I know you can't have full randomness without storing full array, but I don't need the order to be really random. I need it to be perceived as random by user. The solution should use sub-linear space.
One possible suggestion - using large prime number - is given here. The problem with this solution is that there is an obvious fixed step (taken module array size). I would prefer a solution which is not so obviously non-random. Is there a better solution?
How about this algorithm?
To pseudo-pseudo randomly traverse an array of size n.
Create a small array of size k
Use the large prime number method to fill the small array, i = 0
Randomly remove a position using a RNG from the small array, i += 1
if i < n - k then add a new position using the large prime number method
if i < n goto 3.
the higher k is the more randomness you get. This approach will allow you to delay generating numbers from the prime number method.

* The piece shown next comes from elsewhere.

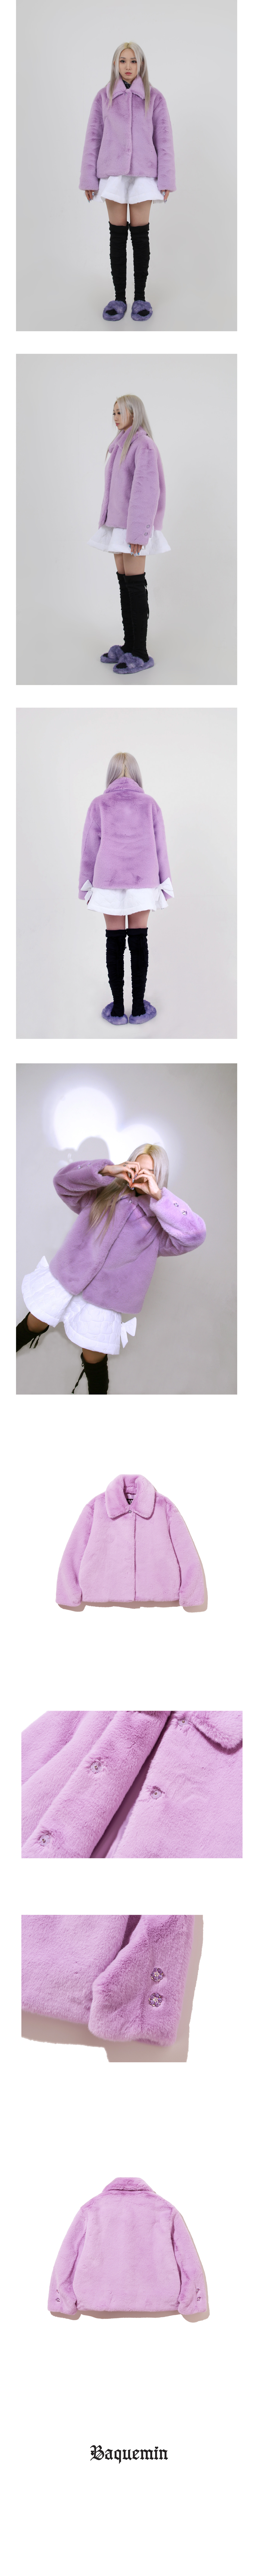 Soft love fur jacket (lavender)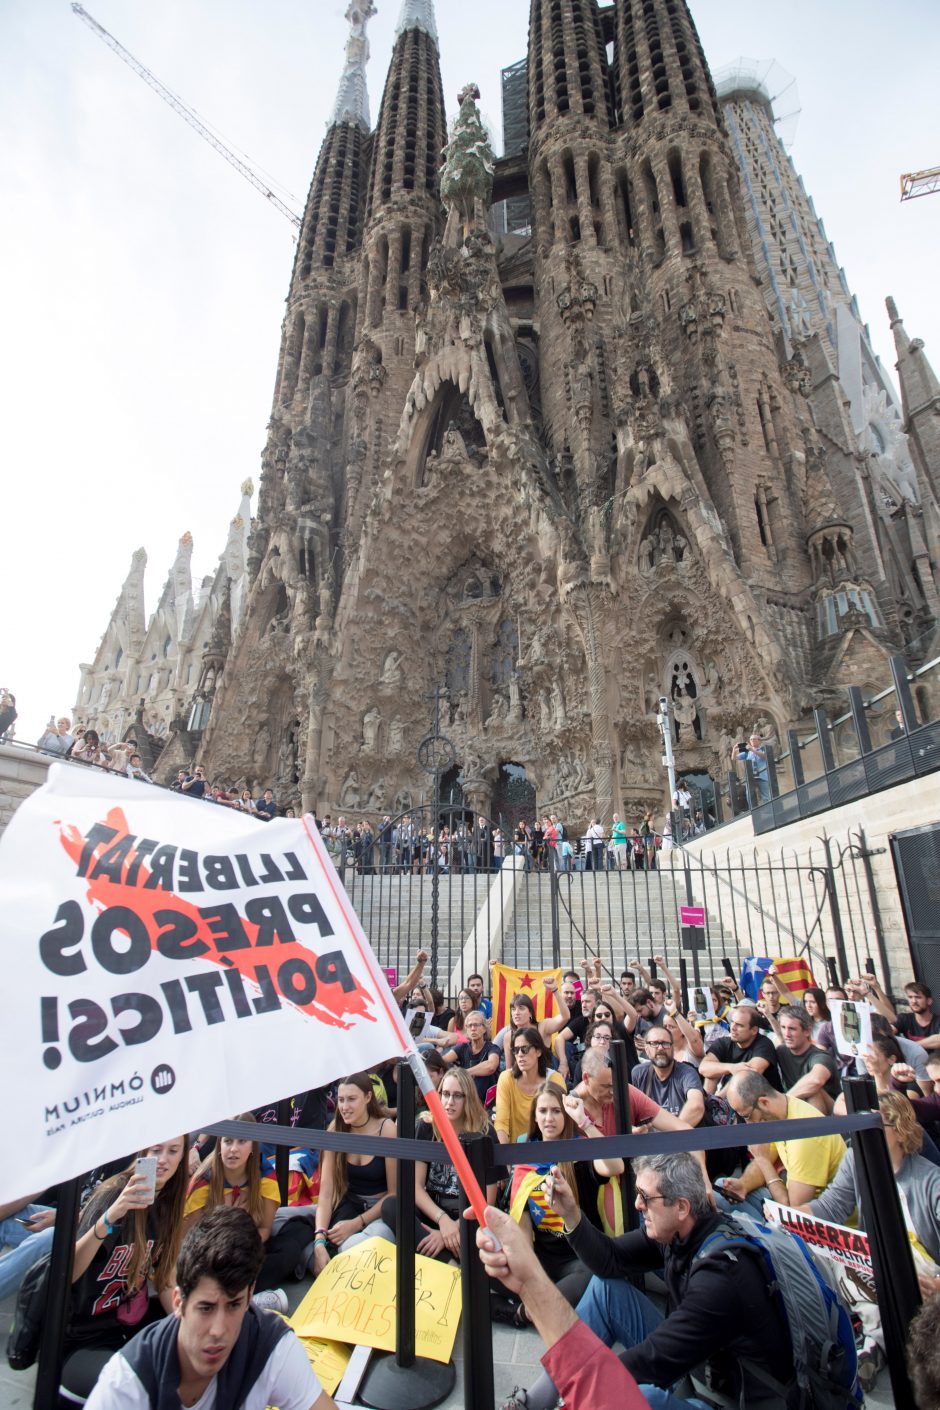 Barselonoje į gatves išėjo daugiau kaip pusė milijono žmonių

A similar approach can be done to generate a number earlier than expected in the sequence by creating another array, "skip-list". Randomly pick items later in the sequence, use them to traverse the next position, and then add them to the skip-list. When they naturally arrive they are searched for in the skip-list and suppressed and then removed from the skip-list at which point you can randomly add another item to the skip-list.
The idea of a random generator that simulates a shuffle is good if you can get one whose maximum period you can control.
A Linear Congruential Generator calculates a random number with the formula:
x[i + 1] = (a * x[i] + c) % m;
The maximum period is m and it is achieved when the following properties hold:
The parameters c and m are relatively prime.
For every prime number r dividing m, a - 1 is a multiple of r.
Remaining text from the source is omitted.